Collected data
= = = = =

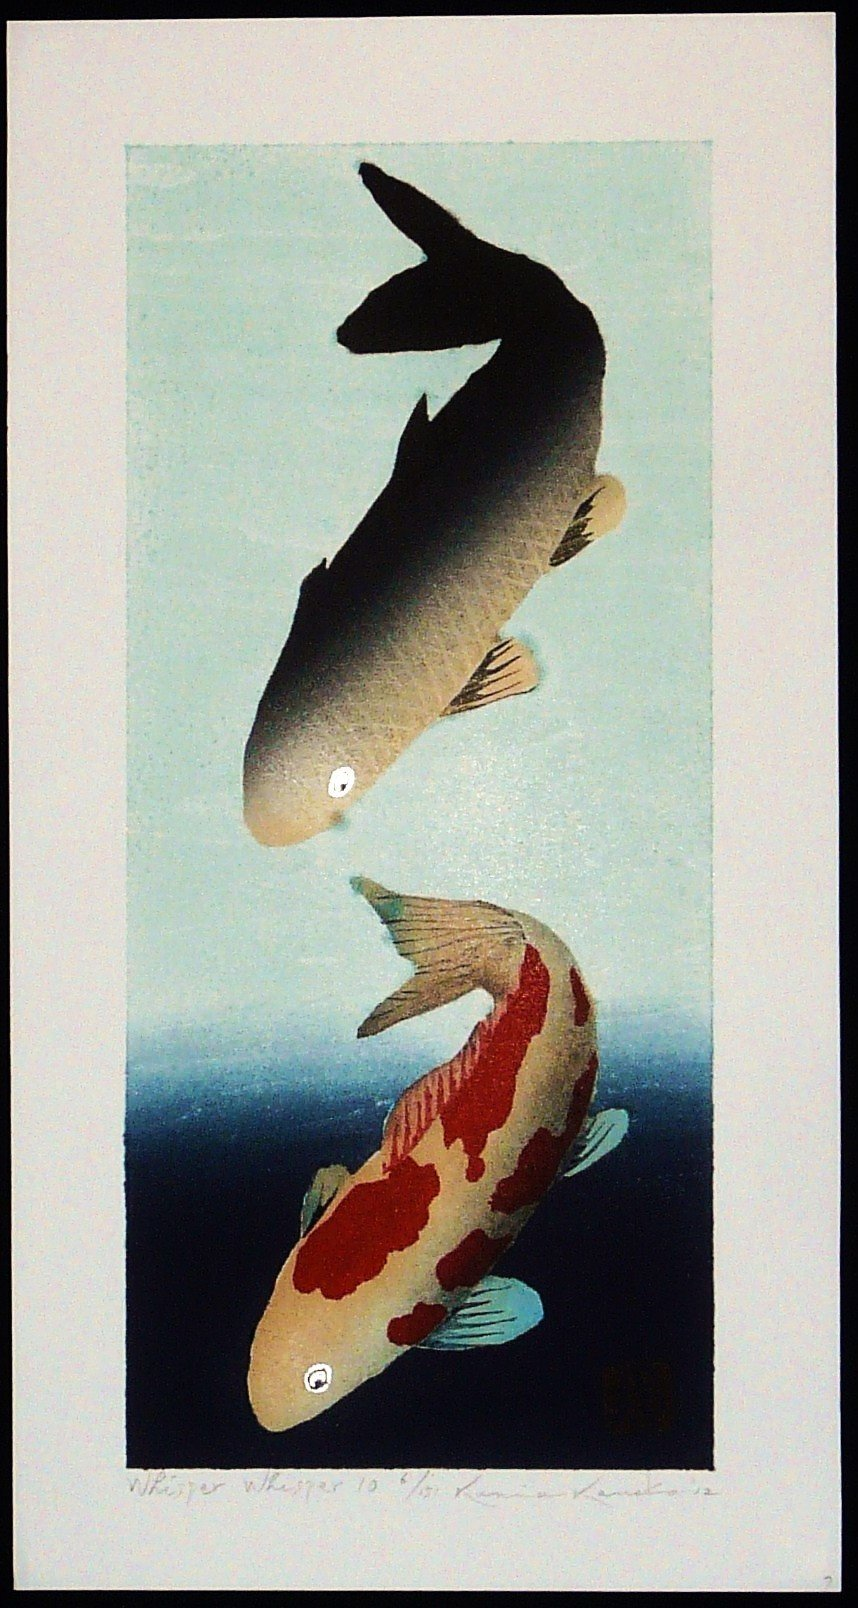 Kunio Kaneko: #P3927 WHISPER WHISPER 10
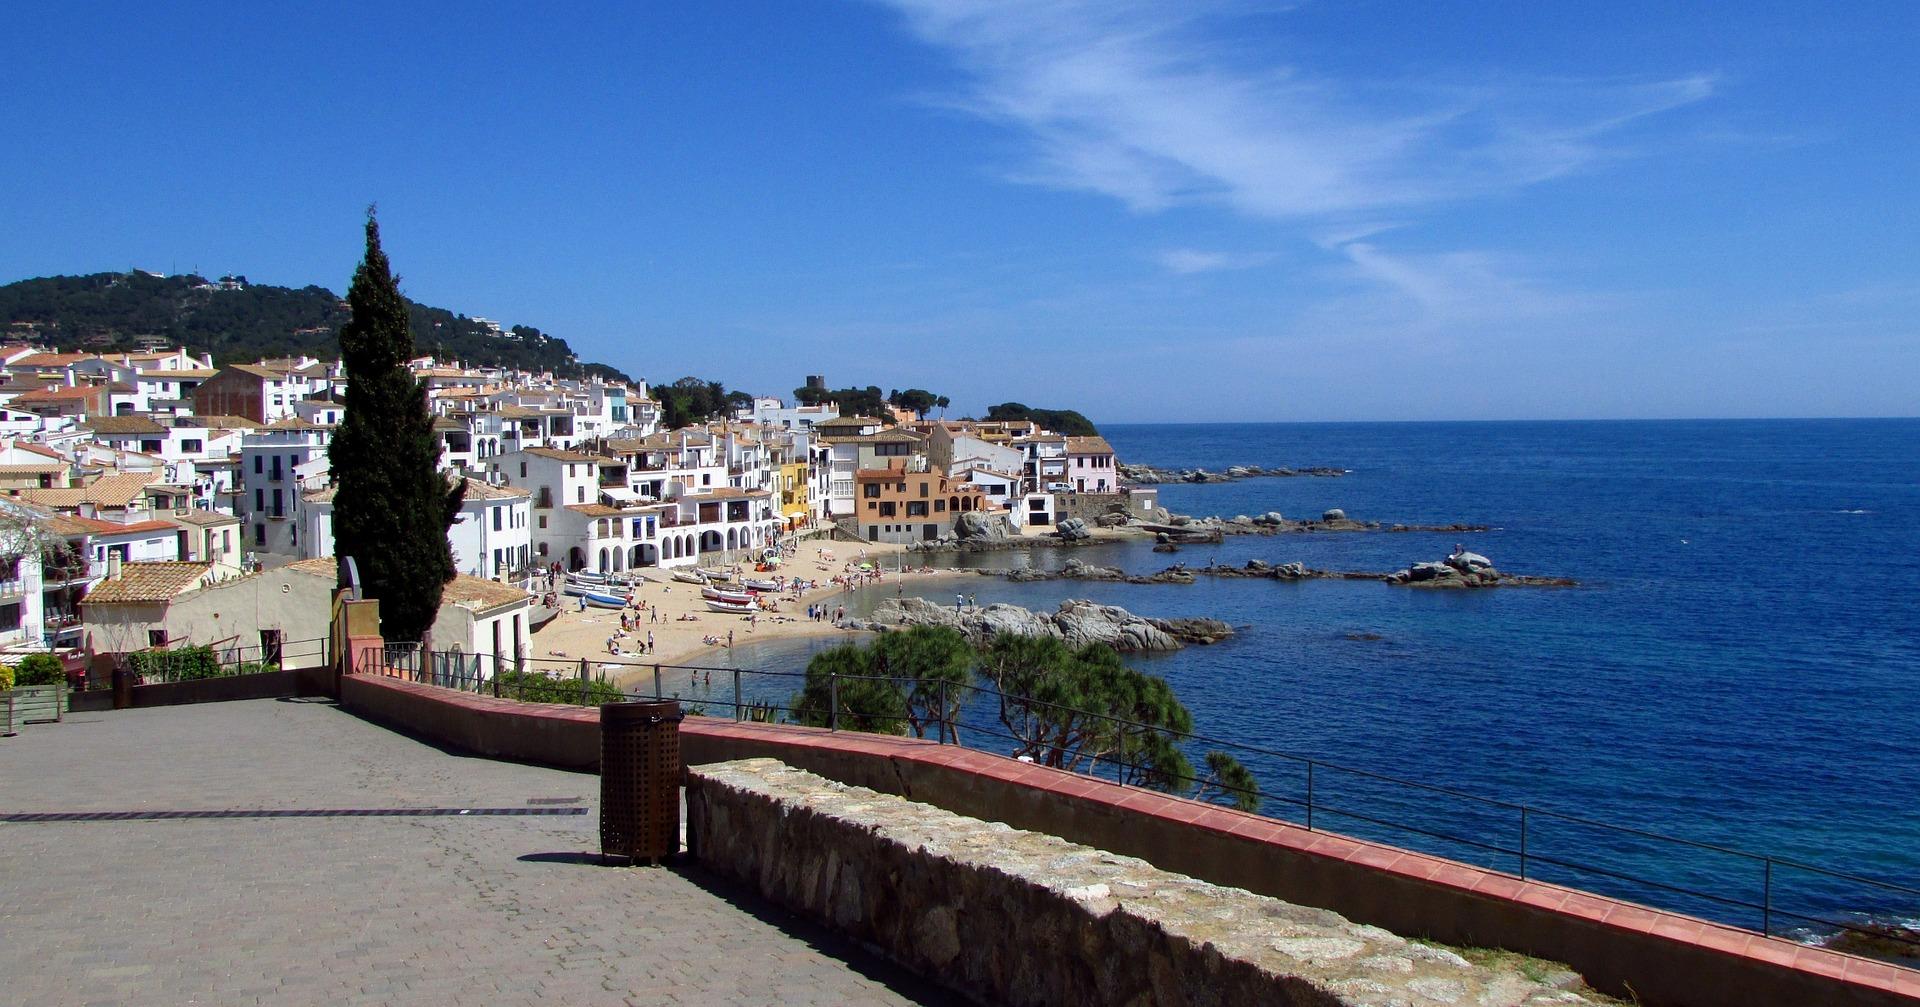 Der Ort Calella de Palafrugell an der Costa Brava
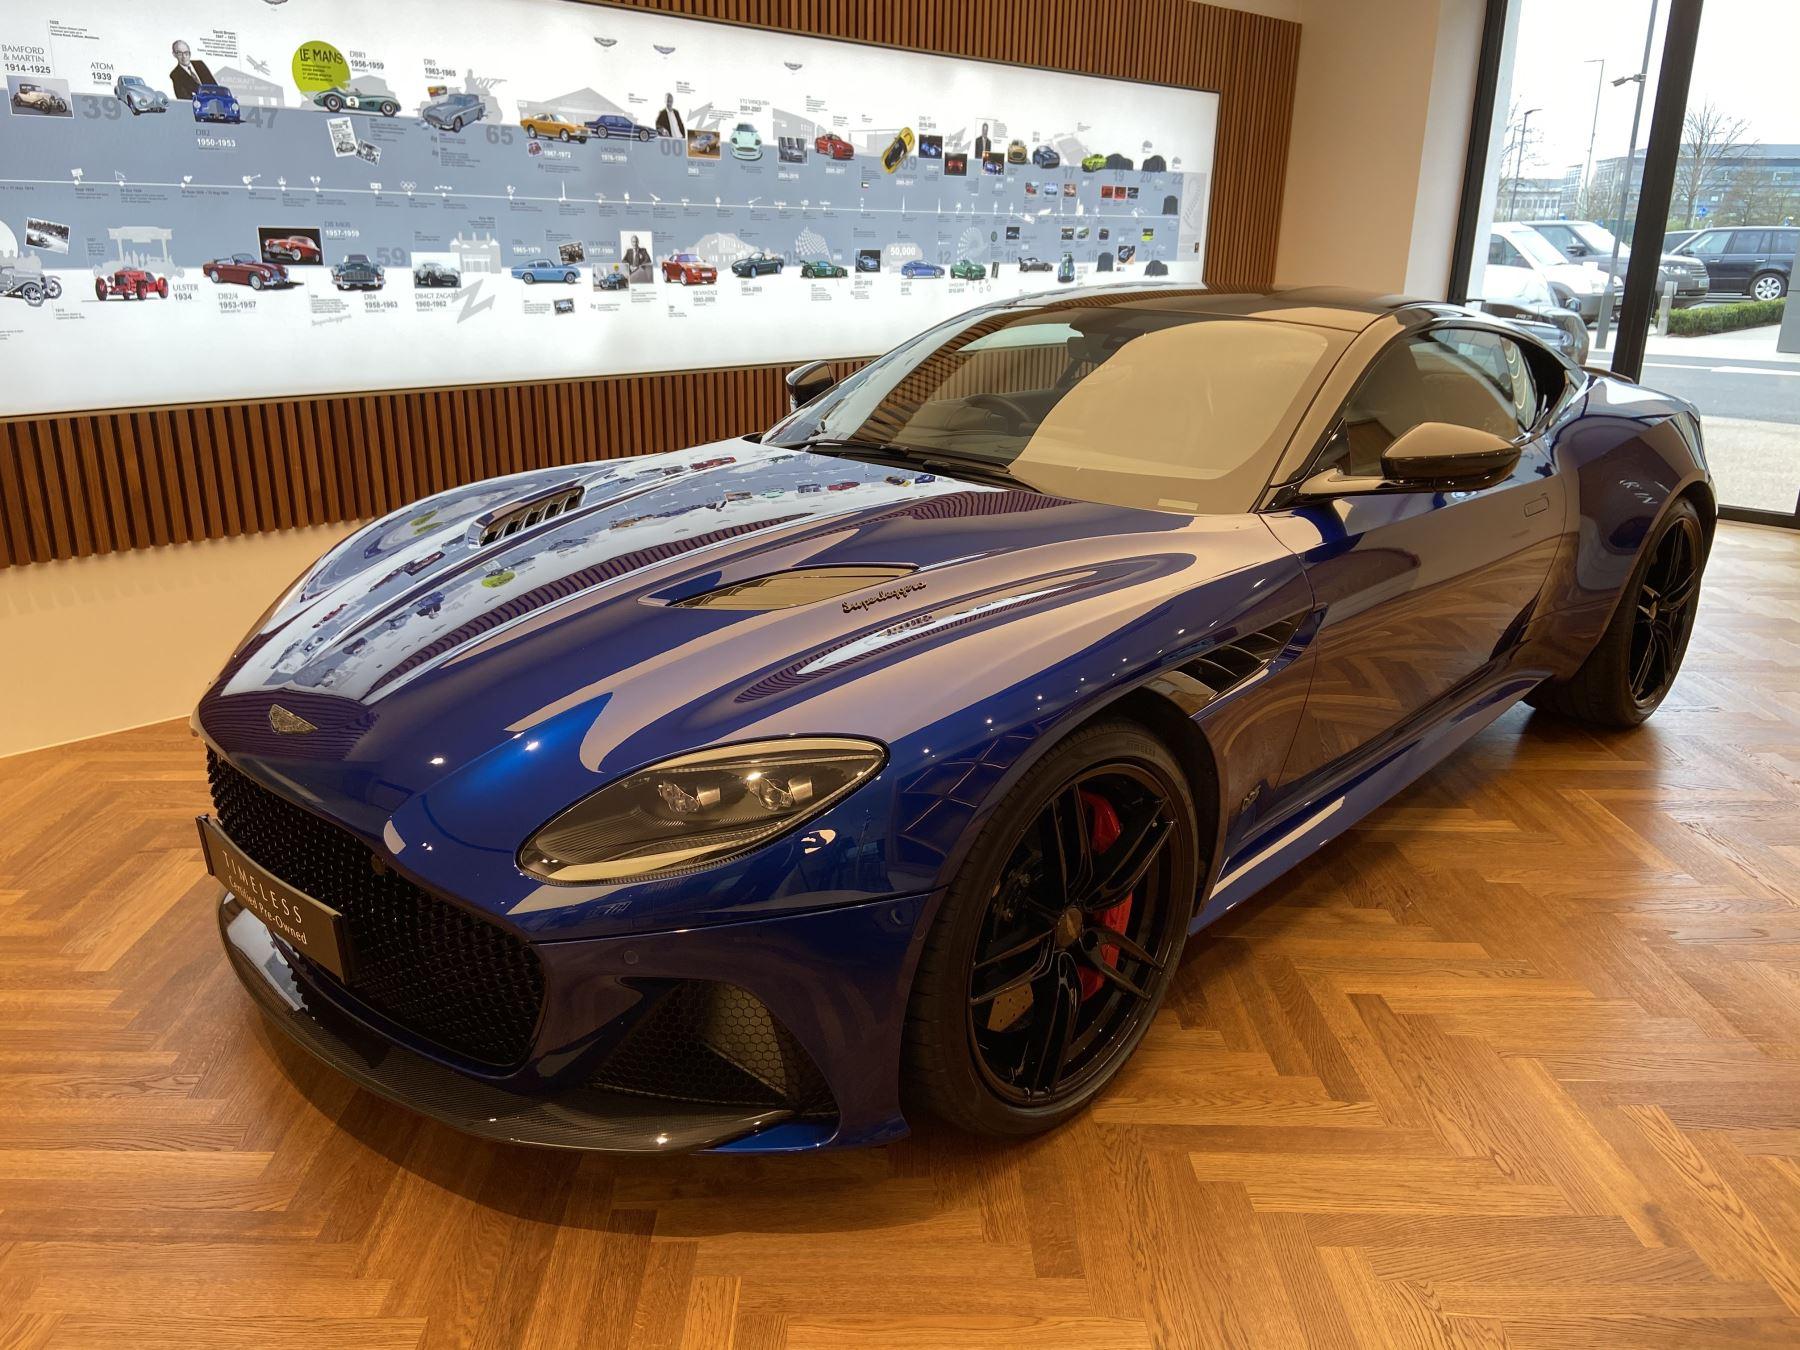 Aston Martin DBS V12 Superleggera 2dr Touchtronic image 30

= = = = =

About this exercise
Would you retype each line above exactly and skip every image?

Expected answer
 Kunio Kaneko: #P3927 WHISPER WHISPER 10
 Der Ort Calella de Palafrugell an der Costa Brava
 Aston Martin DBS V12 Superleggera 2dr Touchtronic image 30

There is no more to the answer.